İğne deliğinden metro geçti
Londra’nın altında 43 kilometrelik yeni bir metro/tren hattı yapılıyor. Şehrin batısıyla doğusunu bağlayacak hat toplam 120 km olacak. Adı: “Crossrail.” Fatura: 15 milyar Sterlin. 45 milyar TL.
BBC-TV, bu pahalı yenilikçi projeyi “bu işlerden anlayan” uzman bir ekiple gün gün izledi. 3 saatlik bir belgesel yayınladı. Birer saatlik dilimlerle, çalışmanın nasılını ve nedenini dünyaya sundu.
İnşaatta 10 bin teknisyen (işçi değil, teknisyen) iki yıldır çalışıyor. Daha 4 yılları var. 2018’e kadar 10 tane “katedral gibi” istasyon yapılacak. Londra’da son metro hattı 35 yıl önce açılmıştı. 150 yıldır hizmet veren metro sistemine yeni bir hat gerekiyordu. Halen 500 km hat ve 270 istasyon, yılda bir milyar sefere rağmen yetmiyor.
Yerin altı kanalizasyon, iletişim şebekesi, metro hatları, posta idaresinin kendi metro hattıyla dolu olduğundan, inşaattaki zorluklar büyük. Tarihi binalara zarar vermeden, daracık yerlere muazzam vinçleri sokarken trafiği bozmadan… Yapılan işin lojistiğini şu cümle çok iyi anlatıyor: “Hastaya açık kalp ameliyatı yapıyoruz, ama hasta uyanıkken…”

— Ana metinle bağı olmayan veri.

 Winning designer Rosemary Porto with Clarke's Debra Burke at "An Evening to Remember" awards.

İnşaatta, 150 metre uzunlukta, bin ton ağırlıkta tünel açma makinesi kullanıldı. Günde 22-70 metre tünel açıldı. Hafriyatı dışarı çıkartmak için 4 km taşıma kayışı döşendi. 2018’e kadar toplam 6 milyon ton hafriyat çıkmış olacak. Halen Londra’da 40 değişik adreste bu inşaatla ilgili faaliyet var.
İki ayrı metro hattının birbirini dikey kestiği bir istasyondan, yeni hattın da geçmesi gerekiyordu. Burada tam bir mikro cerrahi yapıldı: Tünel kazma makinesi, üstte 35 cm, altta 85 cm aralıkla (bir yürüyen merdiven sistemi ile bir metro hattının damı arasından) geçirildi. Bu işlem sırasında o istasyonda trenler normal seferlerine devam etti. Onbinlerce yolcu, tepelerindeki kılcal ameliyattan habersiz, trenlere indi-bindi. Metro görevlileri, istasyonun fayans süslemeleri düşmesin, bir yerden su sızmasın, panik olmasın diye dört göz, elde telsiz dikkat kesildiler. Bir şey olmadı. Kimse fark etmedi.

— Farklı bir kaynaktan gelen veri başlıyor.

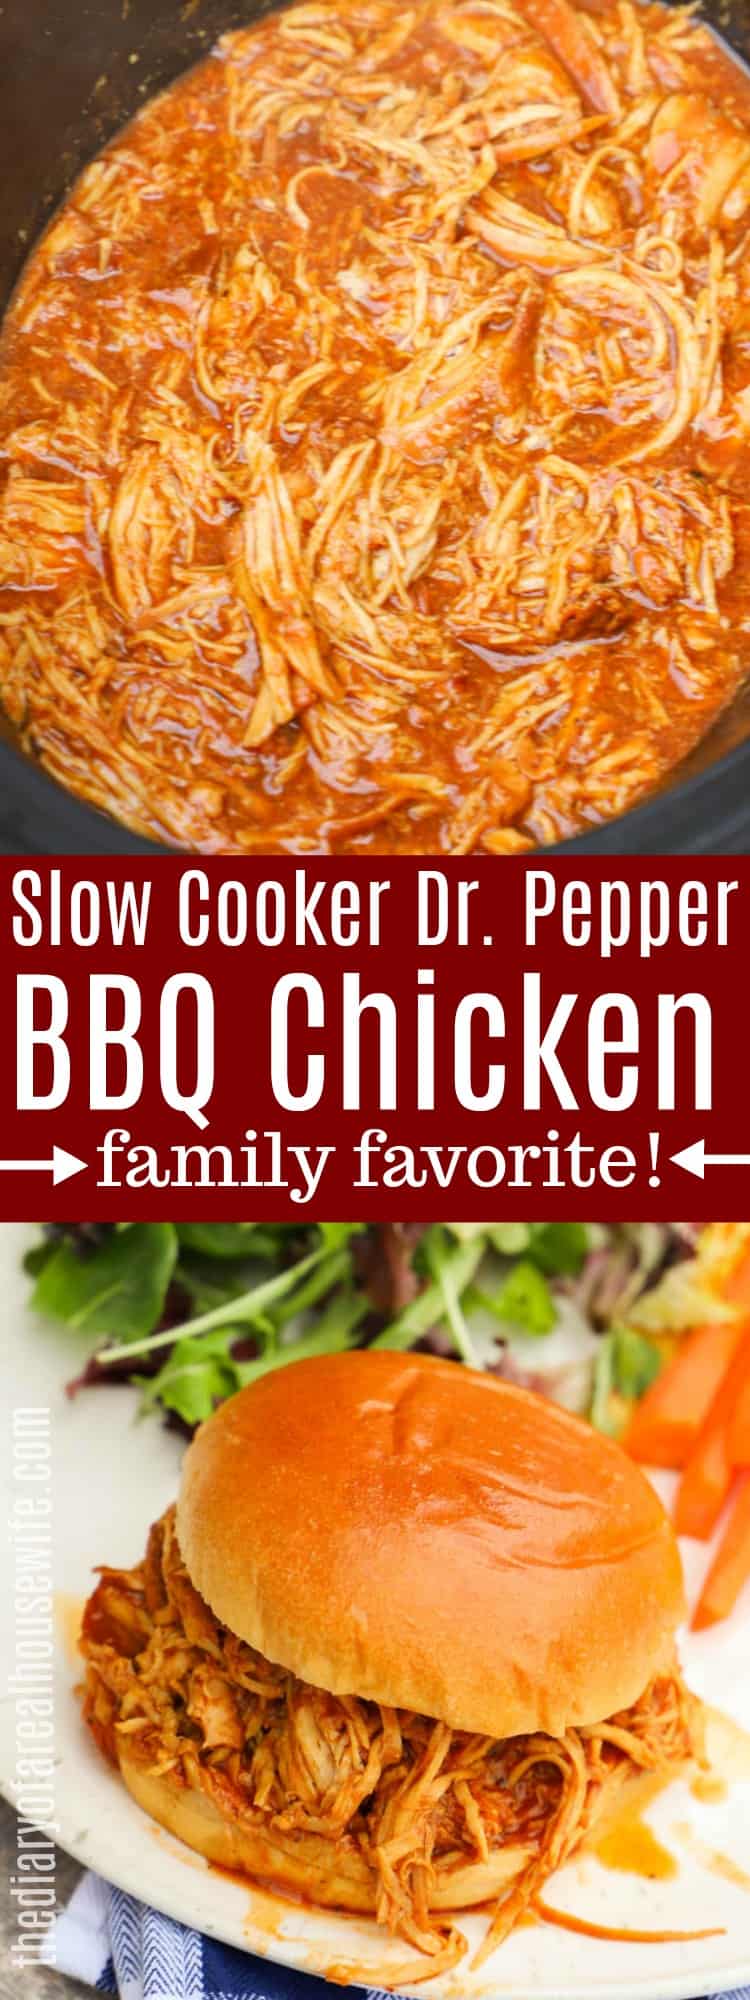 Slow Cooker Dr. Pepper BBQ Chicken

İnşaatta bir şıklık ise, toprak zeminde çöküntü olmaması için alınan önlemlerdi. Kritik noktalarda 40 metre derinlikte 22 geniş kuyu açıldı. Kuyulara, ileriye doğru örümcek ağı gibi ince borular döşendi. İnşaatın üzerindeki pek çok binaya lazer ölçüm cihazları takıldı. Bunlar, her dakika binaların statiğini ölçtü. Ufak bir oynama olduysa, kuyudaki borulardan, o yönde, sulu harç püskürtüldü. Toprağın çökmesi durduruldu.
Ayrıca, bazı tarihi binalardaki merdivenlerin altına çelik yastıklar takıldı ki bir çökme olursa, merdiven bu yastığa otursun, yıkılmasın.